In comparison, D* has pride when they put their name on a box. It has been tested, and works reliably. Both systems (UTV and DTivo) always work, and work properly. Just look at any forum in the PVR section. Problems with E* PVRs outnumber D* PVRs by at least 10 to 1. Sony, RCA, Hughes, and Philips can be proud of the equipment they produce and D* can be proud of the PVRs that are manufactured for them. The true winner with these companies competing is the consumer. 

Just my $.02 worth.


----------



## johnjenr (Apr 2, 2002)

Karl_f,
Thanks for the info. The elliptical dish I bought came with a multiswitch on the back. The UTV's I bought are replacing Dishplayers, and there is a lot of similarity with all the menu's (WebTV roots). This is good because I liked the Dishplayer menu's. I'm guessing the UTV got the s/w update that my Dishplayer never got (or its hardware couldn't handle). Too bad. Dishplayers were ahead of their time when they came out.

Any info on what else the 3.5 s/w update will do? thanks again


----------



## Guest (Apr 3, 2002)

> _Originally posted by karl_f _
> *It is totally a personal choice.

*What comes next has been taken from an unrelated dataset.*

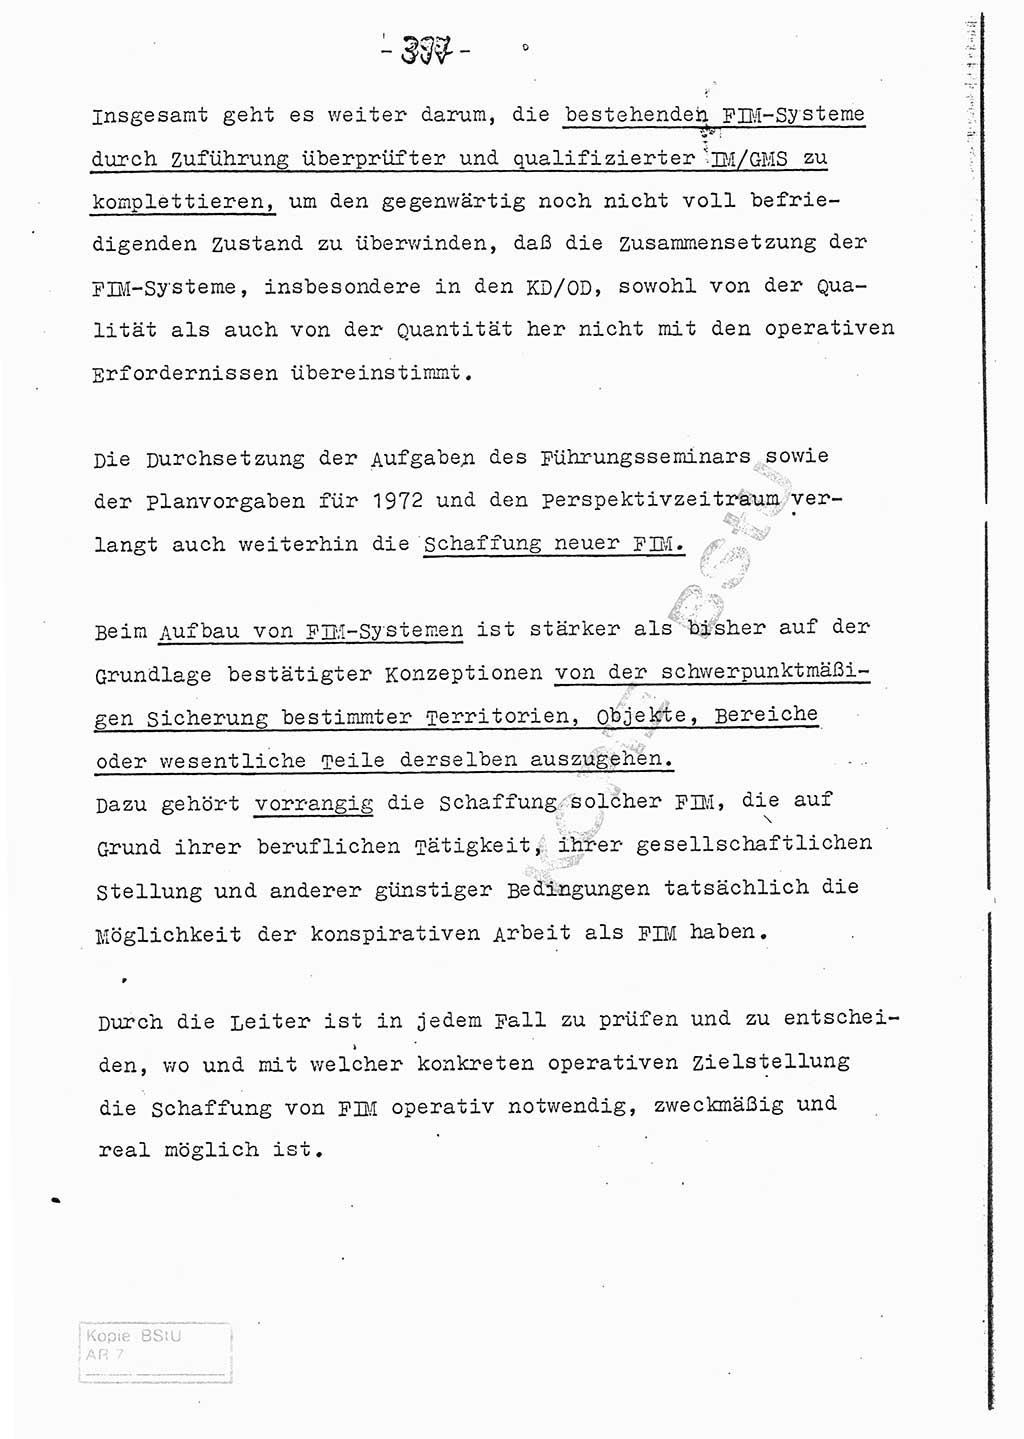 Referat (Entwurf) des Genossen Minister (Generaloberst Erich Mielke) auf der Dienstkonferenz 1972, Ministerium für Staatssicherheit (MfS) [Deutsche Demokratische Republik (DDR)], Der Minister, Geheime Verschlußsache (GVS) 008-150/72, Berlin 25.2.1972, Seite 397 (Ref. Entw. DK MfS DDR Min. GVS 008-150/72 1972, S. 397)

Your best bet is to go to a place like Circuit City and demo both. Both have proven to be very reliable. They both offer features the other doesn't. http://www.ultimatetv.com/productcomp.asp has a comparison chart that you might find beneficial.*


I'm looking to purchase one of the two, but the website hypes the UTV (imagine that- www.ultimatetv.com hyping their own product!!). So, what benefits does DTivo have over UTV?

Thanks
Scott


----------



## Karl Foster (Mar 23, 2002)

DTivo can do some neat things as far as suggestions and searches go. For example if you want to record the show "Friends", DTivo will find whenever it is on and automatically record it no matter when or what channel it is on. UTV will record it daily or weekly, but only if it is on at the same time (or within a half hour) and same channel. DTivo has a Season Pass feature that will only record shows that are new, and DTivo has a suggestion system based on viewing habits. 

I don't own a DTivo, but those are some of the differences that I am aware of. You really need to go see both units side by side and determine what is most important to you. 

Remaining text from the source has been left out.